By Codcompass Team·2026-05-22·8 min read

Architecting Reliable AI Agents: A Closed-Loop Evaluation Framework

Current Situation Analysis

The transition from controlled demonstration to live production is where most AI agent projects fail. Teams typically validate agents against clean, predictable inputs during development, ship the system, and immediately encounter unpredictable failures under real traffic. The root cause is rarely model capability; it is an evaluation gap. Organizations treat assessment as a pre-launch gate rather than a continuous engineering discipline, leaving them blind to how agents actually behave when exposed to malformed queries, adversarial prompts, or unexpected tool interactions.

This problem persists because evaluation is frequently misunderstood as a scoring exercise rather than a feedback mechanism. Many teams rely on synthetic datasets generated by LLMs, which inherently reflect model biases rather than actual user behavior. Others measure only final outputs, completely ignoring the execution path the agent takes to reach those outputs. The result is silent degradation: agents continue to return plausible answers while silently inflating costs, looping on tool calls, or drifting from safety boundaries. Without a structured loop that captures production failures and feeds them back into development datasets, every incident remains an isolated event rather than a learning signal.

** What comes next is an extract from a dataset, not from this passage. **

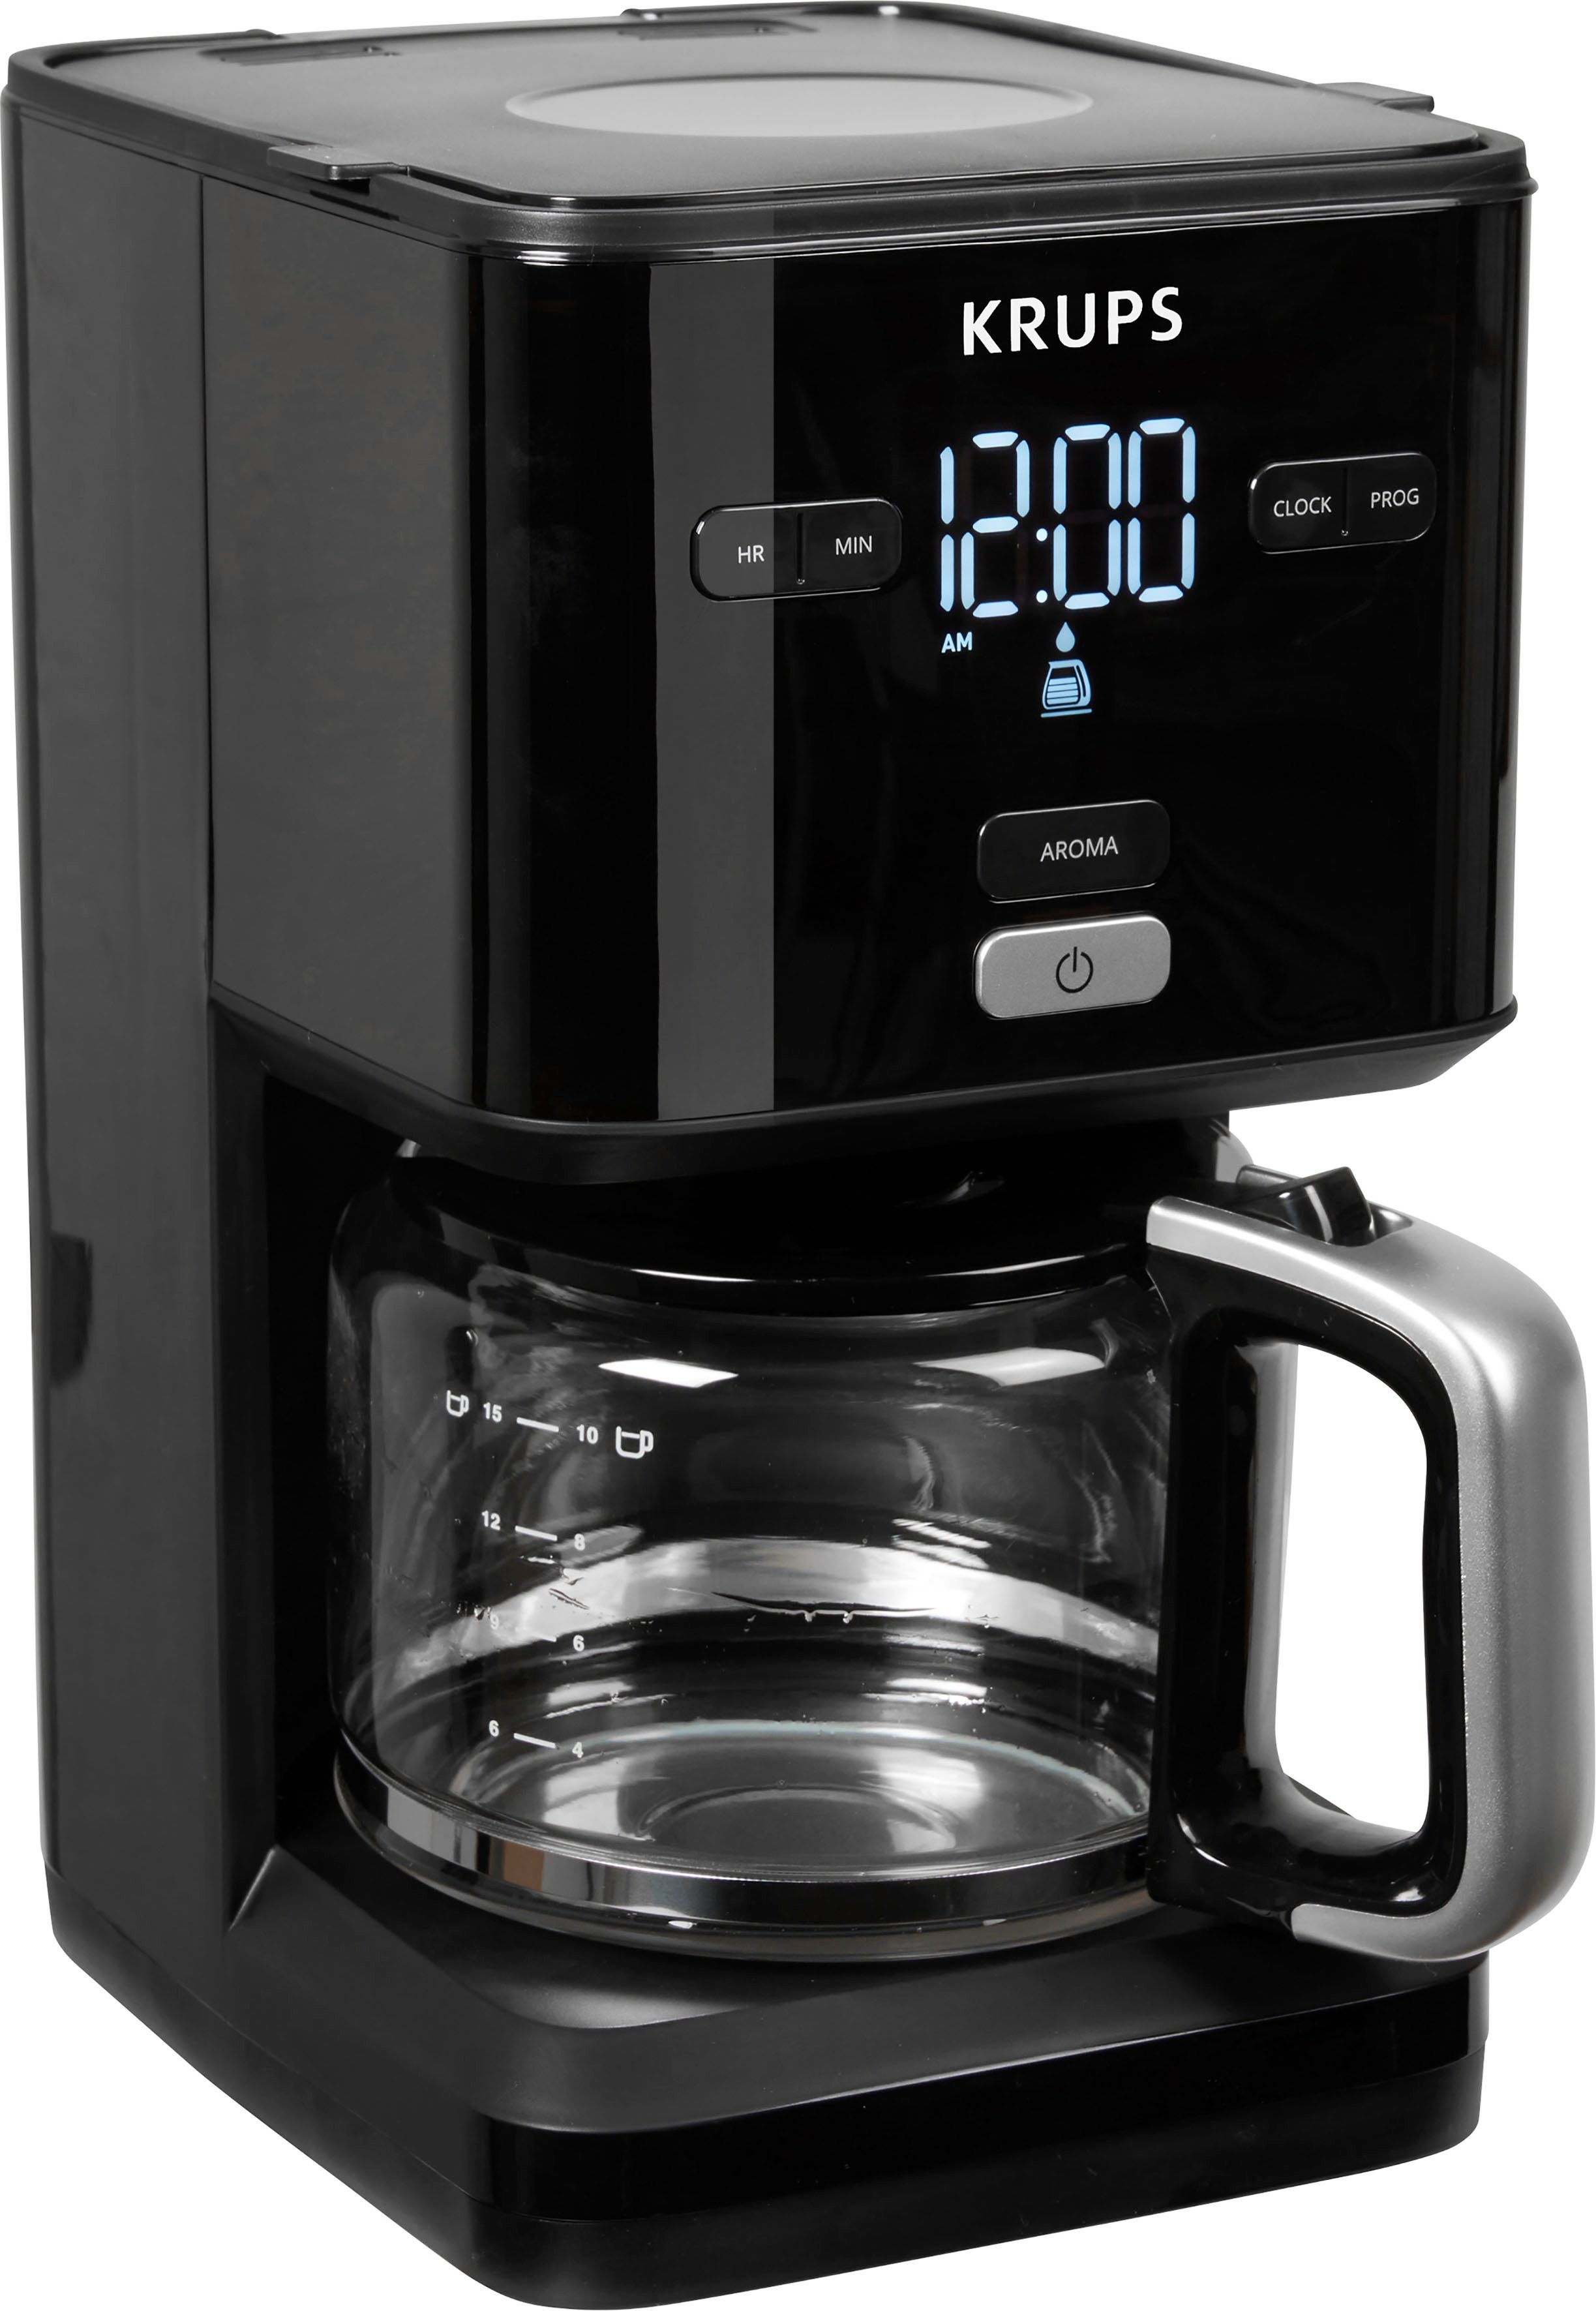 Krups Filterkaffeemaschine KM6008 Smart'n Light, 1,25l Kaffeekanne,  24-Std-Timer, automatische Abschaltung nach 30 Minuten, Anti-Tropf-System  für Entnahme der Glaskanne, selbst während des Brühvorgangs
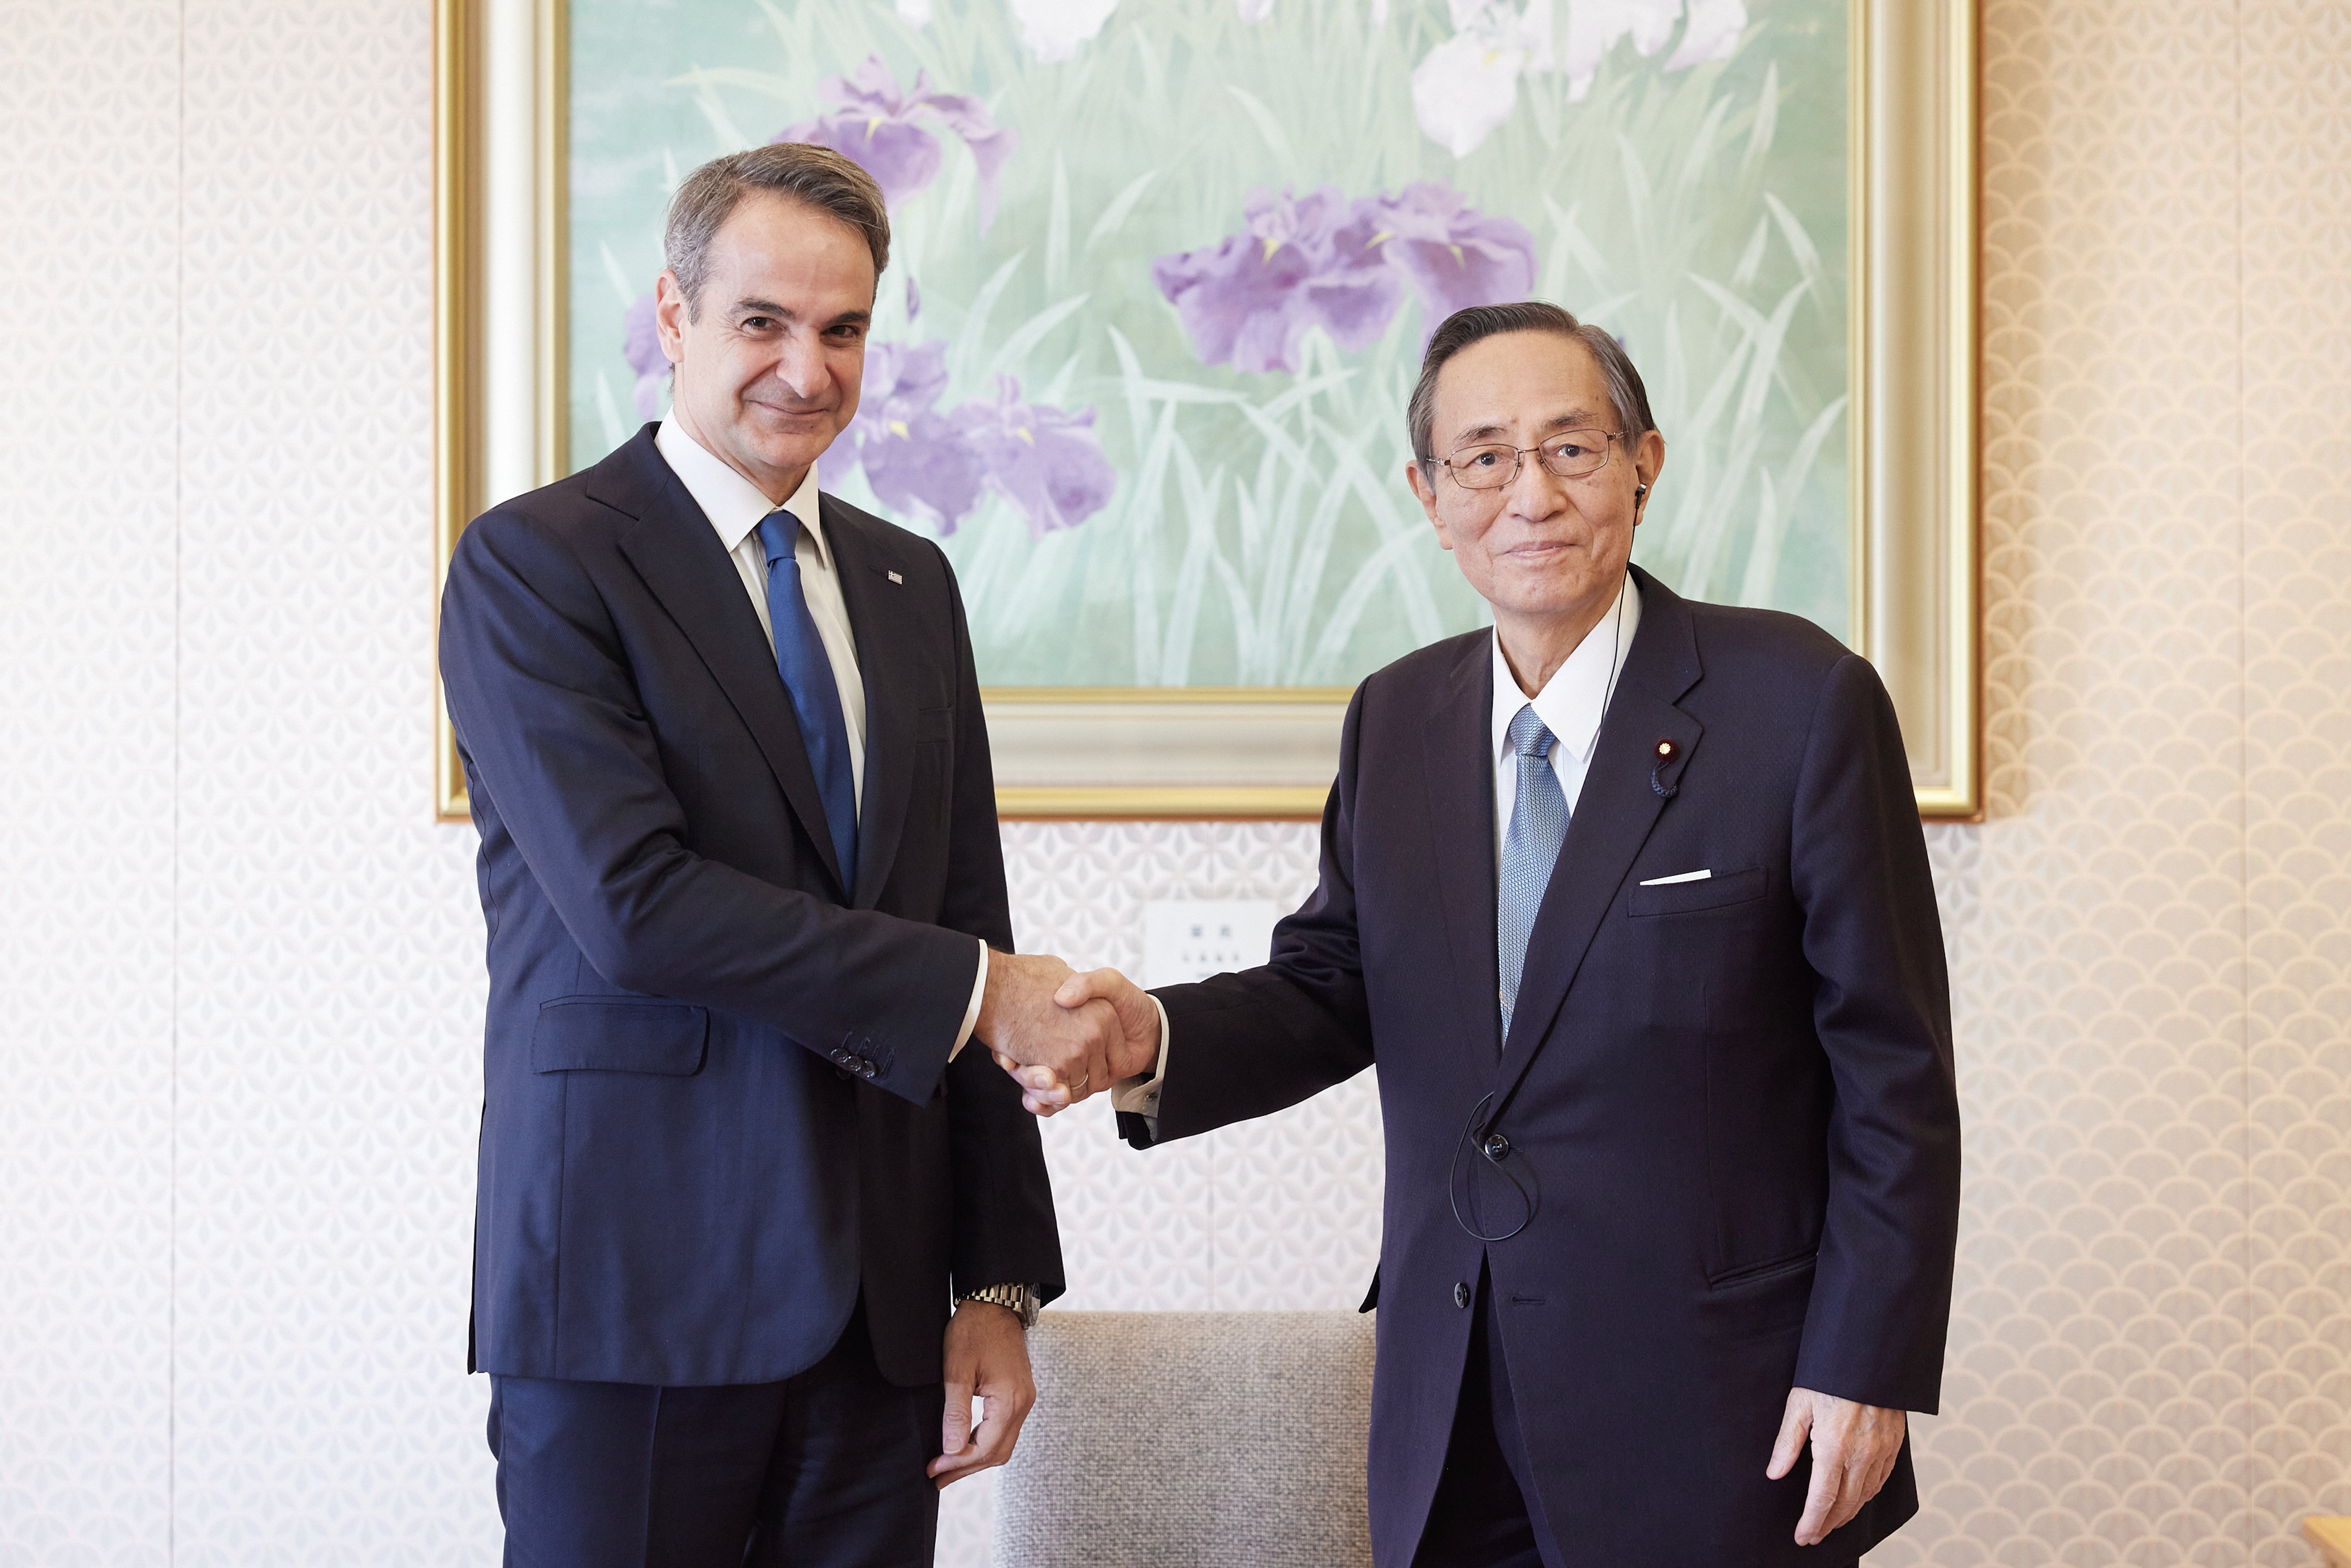 Στην Ιαπωνία ο Πρωθυπουργός σε ένα ταξίδι για προσέλκυση επενδύσεων

Industry audits consistently show that agents evaluated solely on output correctness miss 60-80% of production incidents related to trajectory inefficiency, tool misuse, and cost anomalies. Production traces consistently outperform synthetic or manually imagined datasets in predicting real-world failure modes. The engineering reality is clear: reliability scales only when evaluation operates in two synchronized modes—offline benchmarking before deployment and online monitoring during operation—connected by a closed feedback loop that converts live failures into permanent test cases.

WOW Moment: Key Findings

The most critical insight from production agent audits is that evaluation strategy directly dictates operational visibility. Teams that shift from synthetic seeding to production-trace datasets, and from output-only scoring to trajectory-aware metrics, consistently detect regressions weeks before they impact user experience or infrastructure costs.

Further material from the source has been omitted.